Passenger traffic at the airport soared in the first four months of this year compared to last year, with 99,706 passengers from January through April this year compared to 87,354 for the same period last year, a 14 percent increase. The percentage of seats filled, or “load factor,” was also up for both Delta and U.S. Airways, with Delta recording 91.5 percent seats filled this April, and U.S. Airways recording more than 85 percent seats filled. Both are highs for the year.

This uptick may reflect a trend seen at other airports nationwide as the economic recovery takes hold. But it also may signal that more residents of the Ocala-Gainesville-Lake City region are recognizing the often considerable advantages of flying from the Gainesville Regional Airport. That can only be a positive development not only for the airport, but also for local businesses and for the regional economy – especially if it continues over the long term.

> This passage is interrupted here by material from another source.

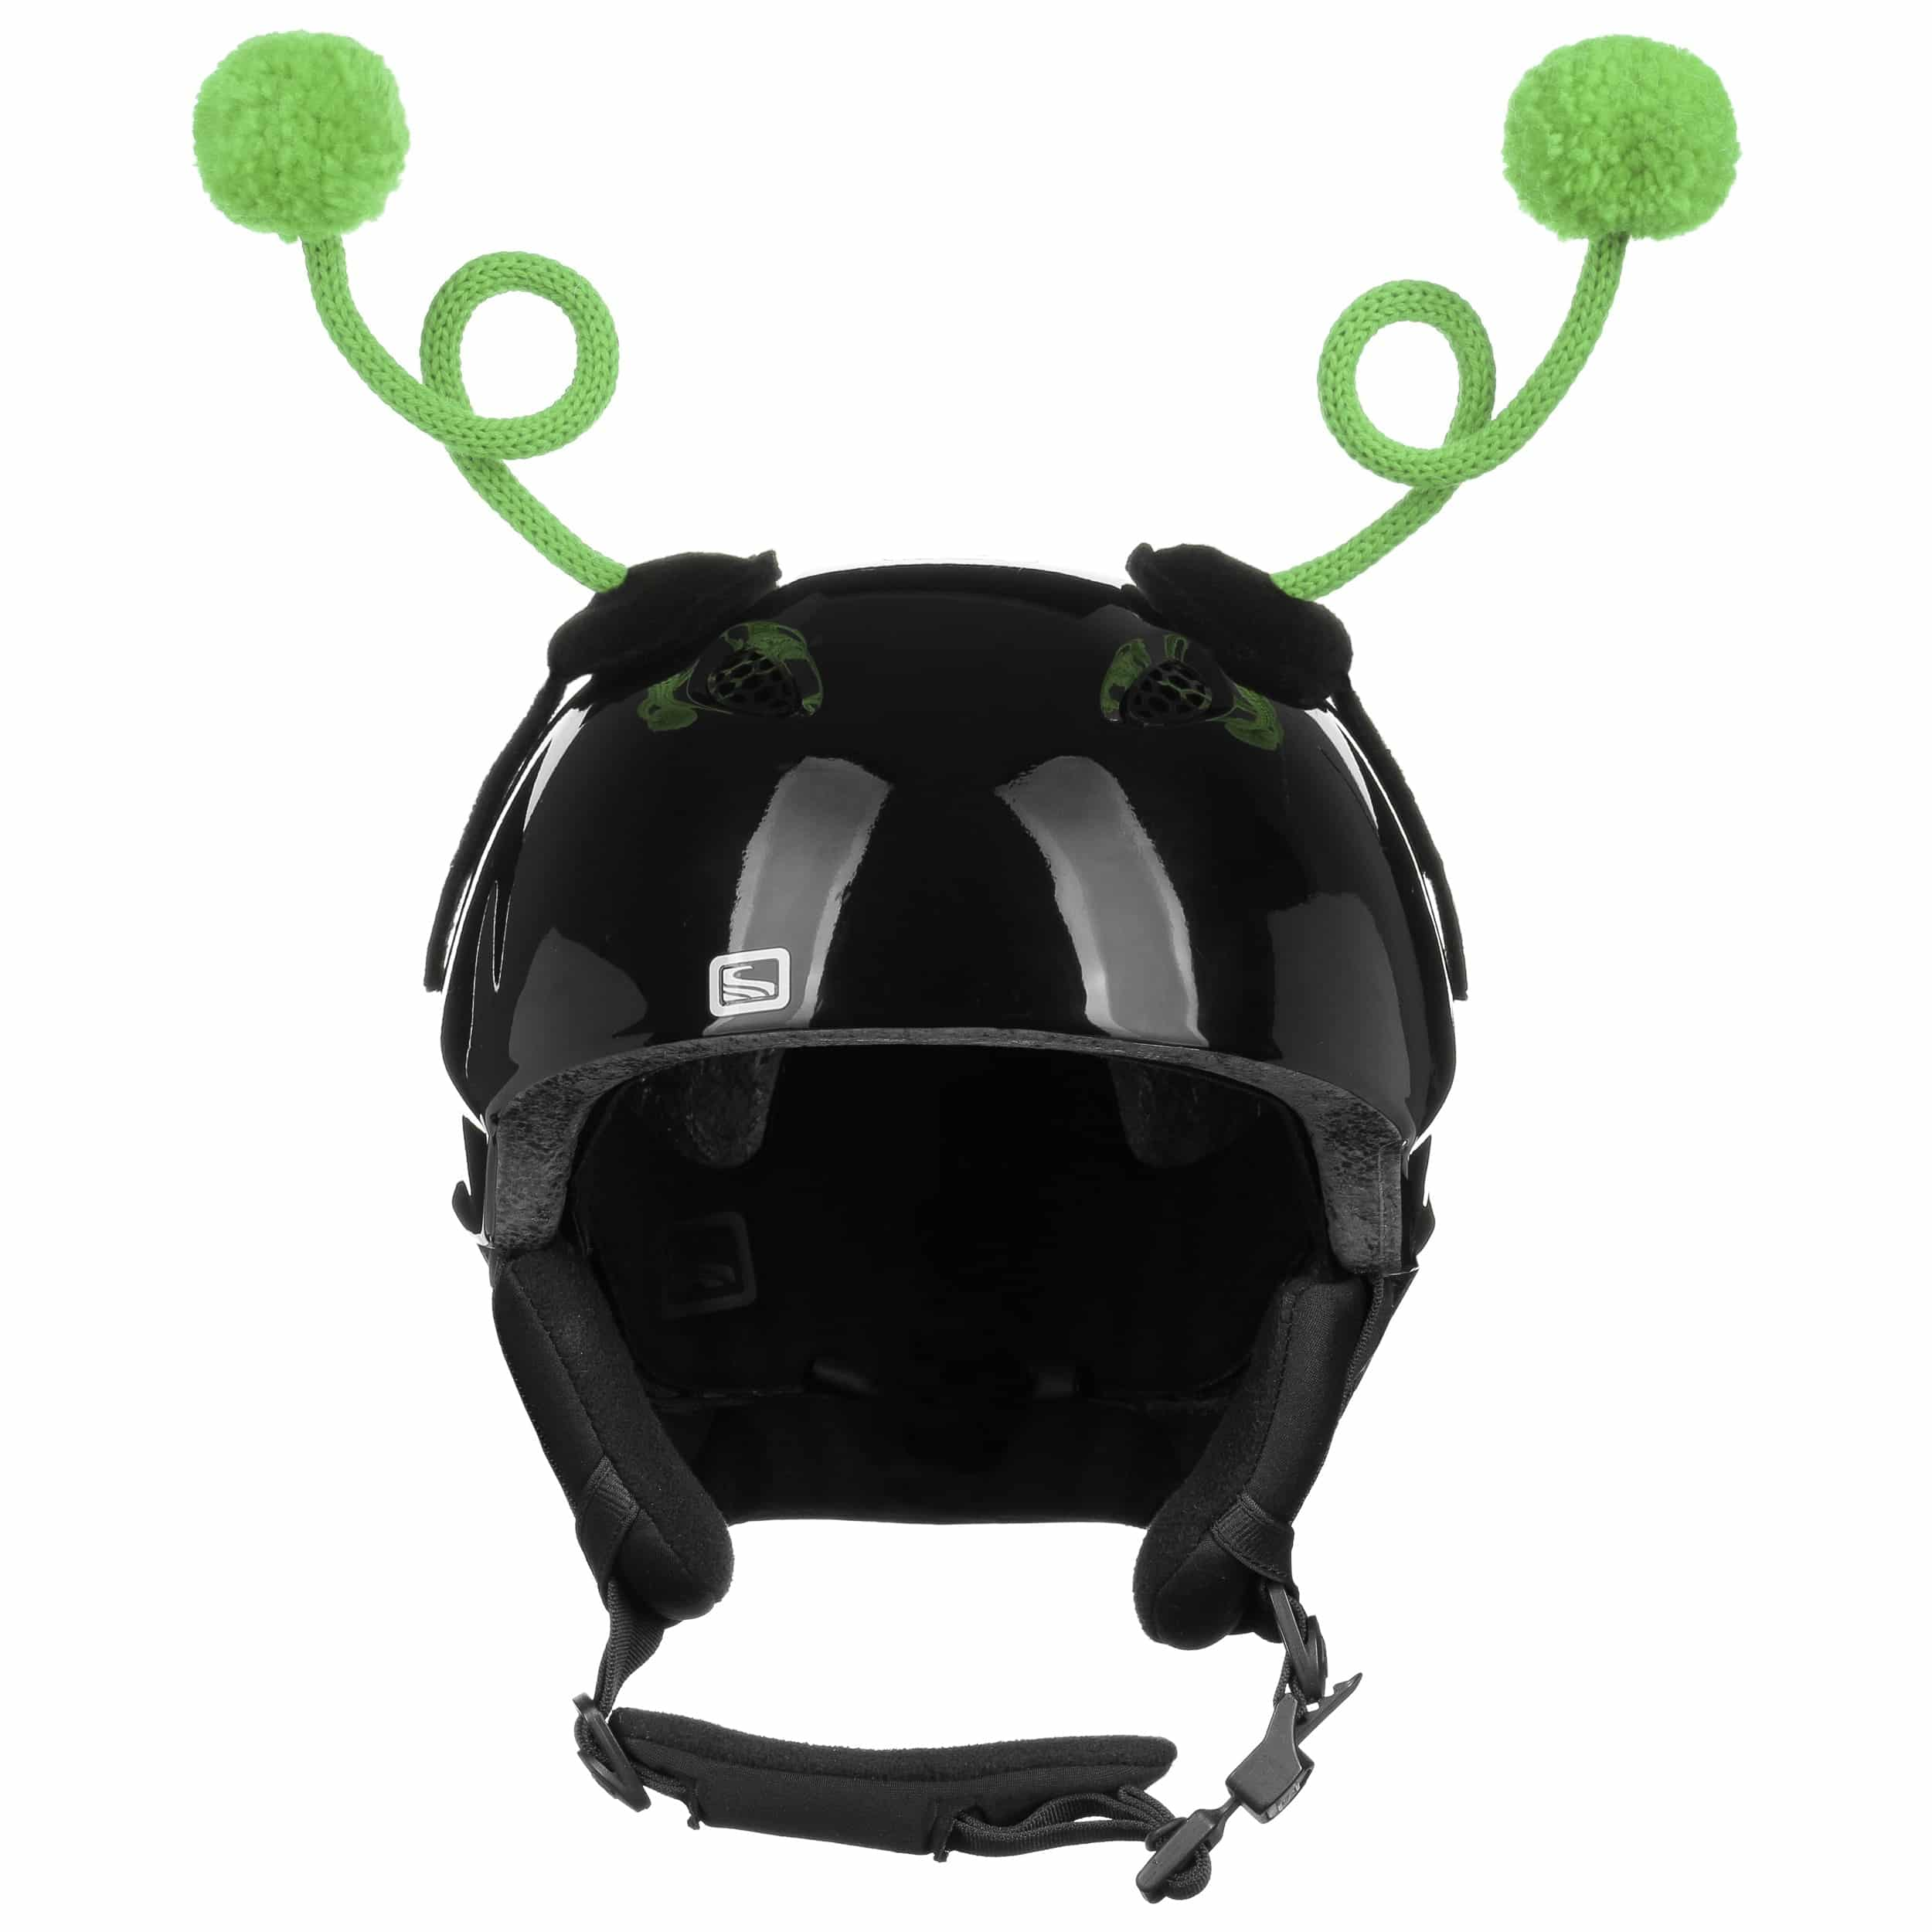 Ping pong helmet sticker

The local airport has long faced stiff competition from its counterparts in Orlando, Jacksonville and Tampa, with business and leisure travelers often viewing their decision on where to fly as a choice between less time in the car and cheaper, more direct flights.

To be sure, those circumstances sometimes apply. But it is also true that flights from the airport are often more competitively priced than perceived compared to equivalents at neighboring airports. The problem has sometimes been that travelers may simply assume the costs are disproportionate, without bothering to make the comparisons.

Meanwhile, the Gainesville Regional Airport offers advantages besides a far shorter trip in the car – advantages that too often go overlooked.

These include the lack of road tolls, far lower mileage on personal or work vehicles, and competitive parking rates. Another advantage is intangible but instantly appreciated by anyone who flies frequently: The parking lot at the local airport is less than a minute’s pleasant walk from the terminal, while most travelers at the Tampa and Orlando airports must endure lurching bus or tram trips to reach terminals.

To promote these and other benefits of using the local airport, the Gainesville-Alachua County Regional Airport Authority recently created a task force to meet with companies and organizations in the region. The purpose: to encourage endorsement of a “buy local” travel policy. The policy asks employees to check flight costs from the Gainesville Regional Airport as early as possible – and, reasonably, to include related costs like parking, mileage and tolls when making airfare comparisons with other airports.

The task force’s efforts are important because the more business travelers use the airport regularly, the more its services stand to improve. Although Delta and US Airways serve Gainesville well, travelers would benefit from the addition of other carriers with more flights, more destinations and cheaper tickets. That can only happen if the airport demonstrates it can attract sufficient passenger numbers and loyalty.

A vibrant airport puts a community on the map and is essential to local growth, especially when it comes to attracting outside investment to our community.

As Brent Christensen, president and CEO of the Gainesville Area Chamber of Commerce, has said, “The presence of a strong airport offering commercial service to major hubs is essential to successful economic development. In our experience, businesses expect consistent, on-time air connectivity when considering Gainesville/Alachua County.”

The recent increase in the number of passengers at the Gainesville Regional Airport is encouraging. Indeed, Delta’s current load factor, if sustained, may make it appropriate for the airline to add more seats.

Now, the challenge is to ensure this progress continues.

By stressing the advantages of the local airport with local businesses, the airport authority is targeting a major customer base. But whether traveling for pleasure or business, all North Central Florida residents would do well to consider “GNV” in their plans this summer. They stand to improve their trip – and contribute to the local economy in the bargain.